I drifted away from politics and market intelligence consulting and finally declared myself semi-retired. I’m not really sure what that’s supposed to be. But if it’s lazy and fat, then I’m all over it.
I had always written fiction, mostly short stories, from the time I was in high school till the time we had our daughter—almost 31 years ago as of this writing. With the appearance of my son, my writing endeavors were officially put on hiatus. I started again around 2004, finishing a novel that put War and Peace to shame. That novel will never be published. I started my second during the Age of WuFlu. At 100,000 words, it is within striking distance of acceptable publishing length for a first-time novelist. Whether it’s good enough for a first-time novelist we’ll have to see. I’m having a bit of trouble on the second draft and so here we are. I need another outlet so I’m not all consumed with the book. That’s what this is.

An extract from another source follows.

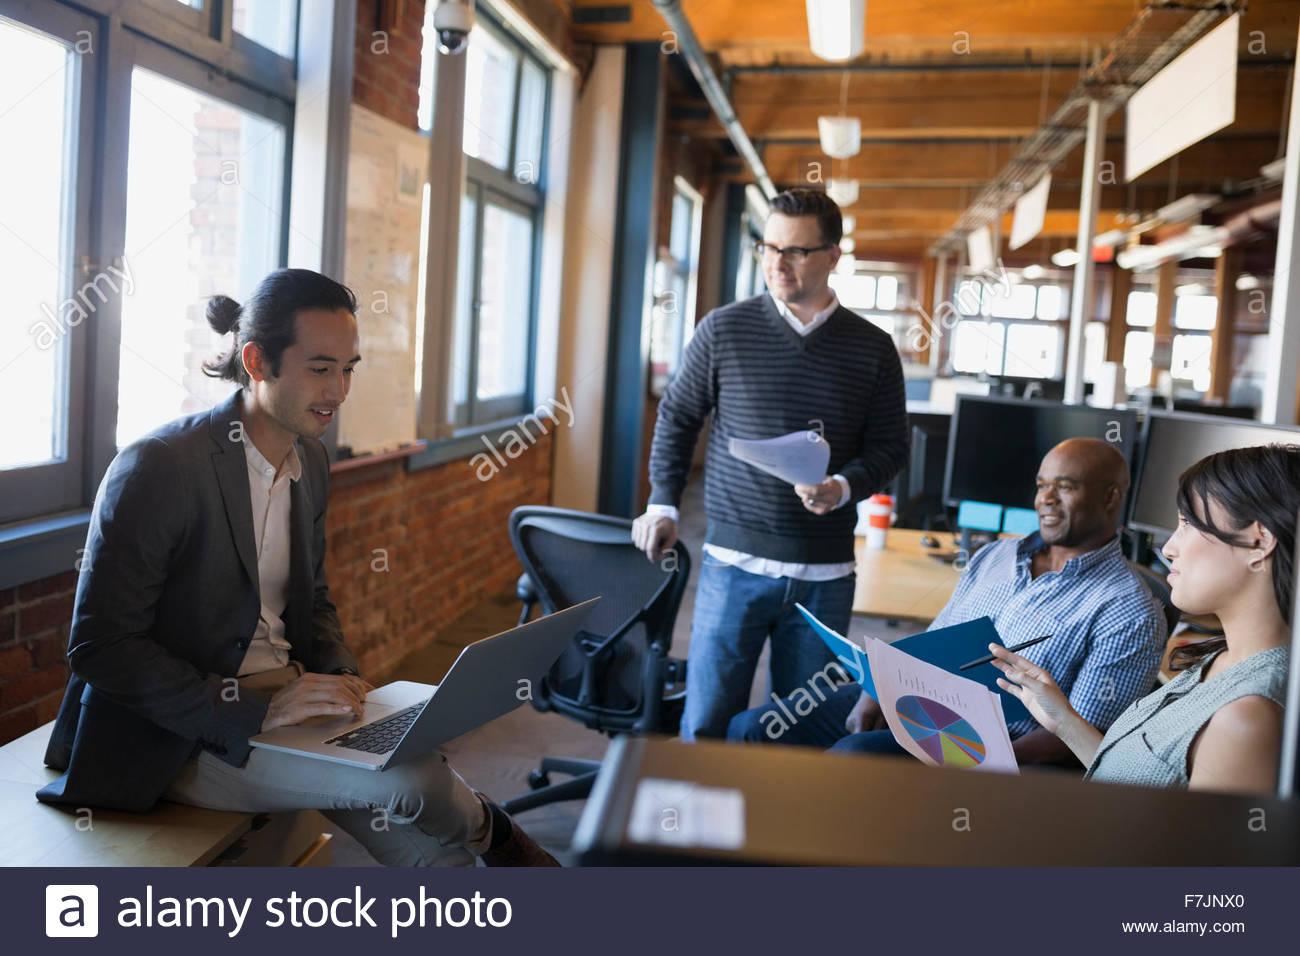 Reunión con la gente de negocios y el papeleo de oficina portátil Imagen De Stock

I gave this a long, hard thought. The Age of Cancel Culture dictates that you must be anonymous with the hopes that the Fascist Fairies with Pixie Dust won’t come sprinkling (and no, that’s not a disparaging comment on gender fluidity). But the concern is that my hopeful novelist endeavors won’t be nuked by some Ivy League-trained sycophant who wouldn’t know a deep thought if they sank to the bottom of the sea. When I was the leader in our little political movement, I instructed people in our group to always use their real names when lobbing grenades from behind computer screens. That kept it honest. So, I will try to keep it honest. I can’t be fearful of speaking my mind, especially when there are real patriots in the world who are risking their jobs and families to just say no.